The situation in the Kupyansk and Lyman sectors in northeastern Ukraine has intensified significantly in recent days, Col.-Gen. Olexander Syrsky, reported on Saturday, Oct. 14. Heavy fighting continues.
Syrsky is commander of the Armed Forces of Ukraine (AFU) Ground Forces, the man credited for Ukraine’s stunning counteroffensive last year, which had brought those northeastern Ukrainian towns back under AFU control.
Following a two-month recovery period after sustaining significant losses, Russian forces initiated an aggressive offensive campaign near the towns Makiivka and Kupyansk, in the northeastern part of Ukraine.
Syrsky met with troops in an unspecified part of the sector.
“The main goal of the enemy is the defeat of our troops, the encirclement of Kupyansk, and a push up to the Oskil River,” the general assessed.
In recent weeks Russian forces have targeted the bridges across the Oskil River in an attempt to cut off the AFU’s supply and exit routes.
“Every day, the enemy carries out dozens of attacks by assault groups supported by armored vehicles, with heavy mortar and artillery fire on our positions,” Syrsky added.
“Our fighters were ready for such a development of events and put up a worthy resistance to the enemy, which is suffering serious losses and has not achieved any significant success.

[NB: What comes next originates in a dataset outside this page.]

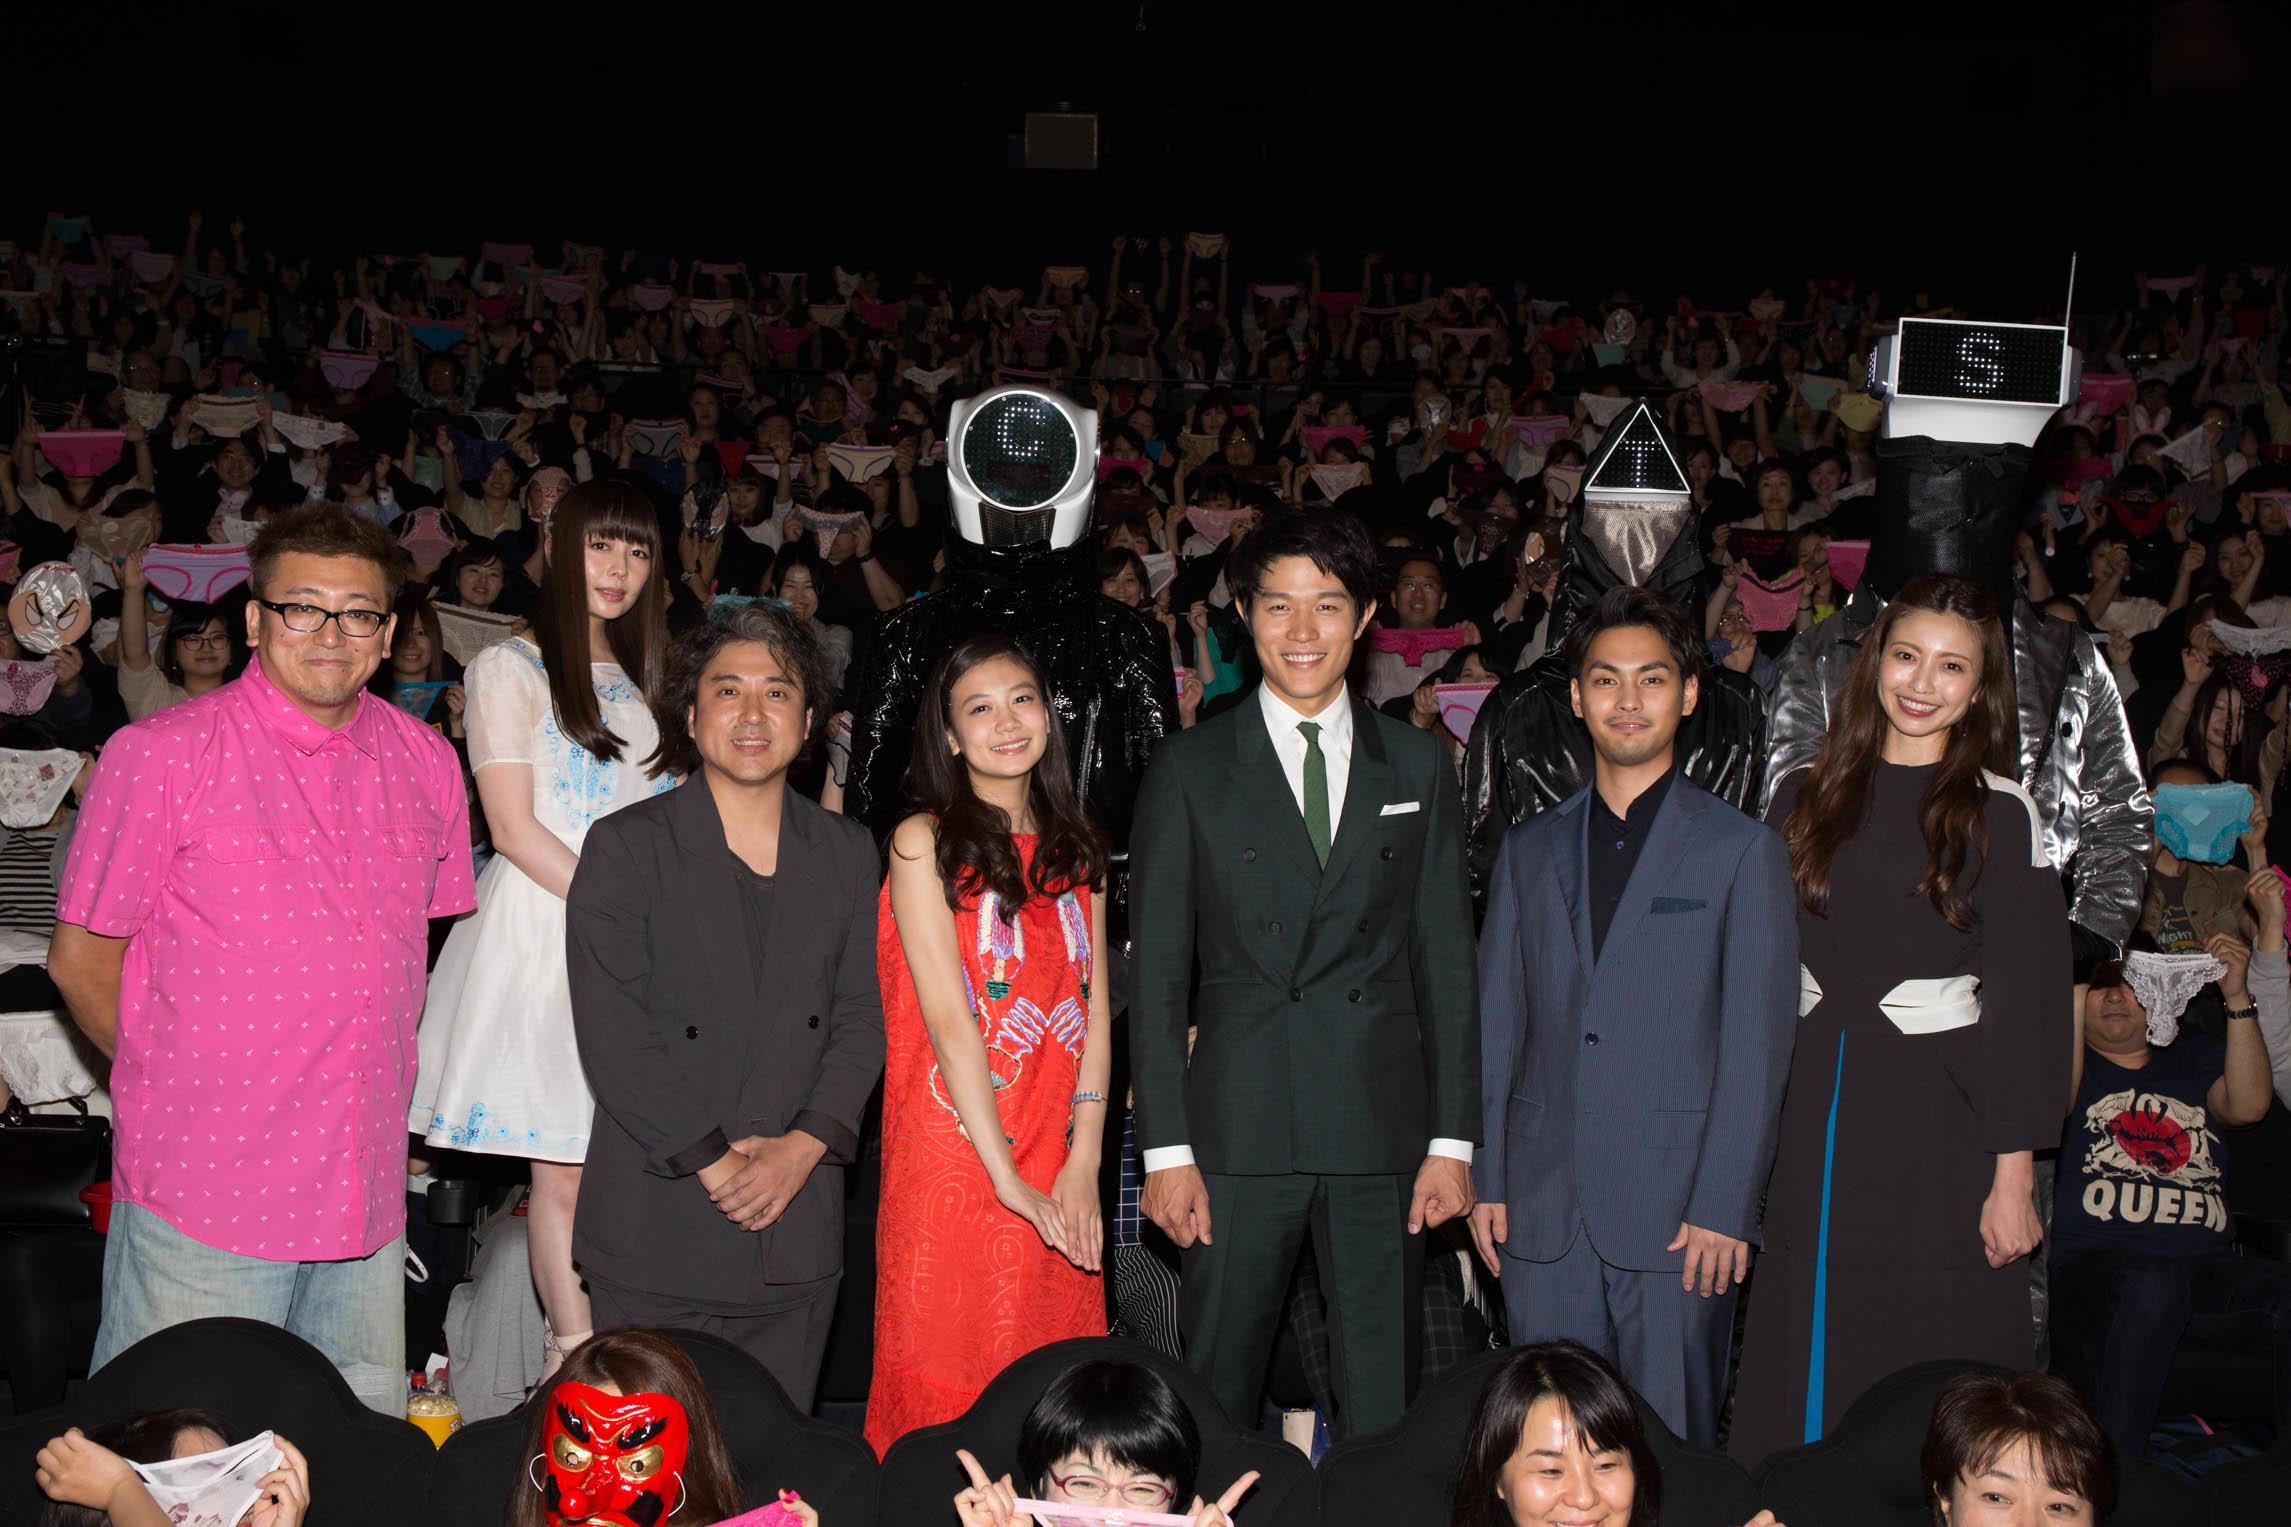 左から、福田雄一監督、ムロツヨシ、清水富美加、鈴木亮平、柳楽優弥、片瀬那奈、後列左から南波志帆、CTS

Before the war, Kupyansk was a little-known Ukrainian town 115 kilometers (70 miles) east of Kharkiv and about 40 kilometers (25 miles) from the Russian border. In September 2022, however, the town drew international attention as the high-water mark of Kyiv’s most successful counteroffensive.
The Ukrainian assault surprised and broke through thin Russian defenses, liberating more than 6,000 square kilometers in a little more than two weeks.
Russian forces then reestablished a fighting line to the east of Kupyansk along the Zherebets River line and have been bombarding Kupyansk and adjacent villages regularly ever since.
In September 2023 Russian army planners launched renewed assaults in the Kupyansk sector but have made little or no progress against Ukrainian defenses, which have improved continually since Kyiv forces took up positions there a year ago.
To assess the situation and formulate operational strategies, Syrsky conducted on-site visits to military units responsible for defensive operations. During these visits, he said that he engaged with unit commanders, received situation reports, resolved various issues, and made decisions on subsequent actions.
In a show of support, Syrsky met and spoke with Ukrainian service members actively engaged in combat missions. He presented awards, gifts and even cash bonuses to soldiers, thanking them “for their courage, resilience, heroism and exemplary fulfilment of their military obligations.”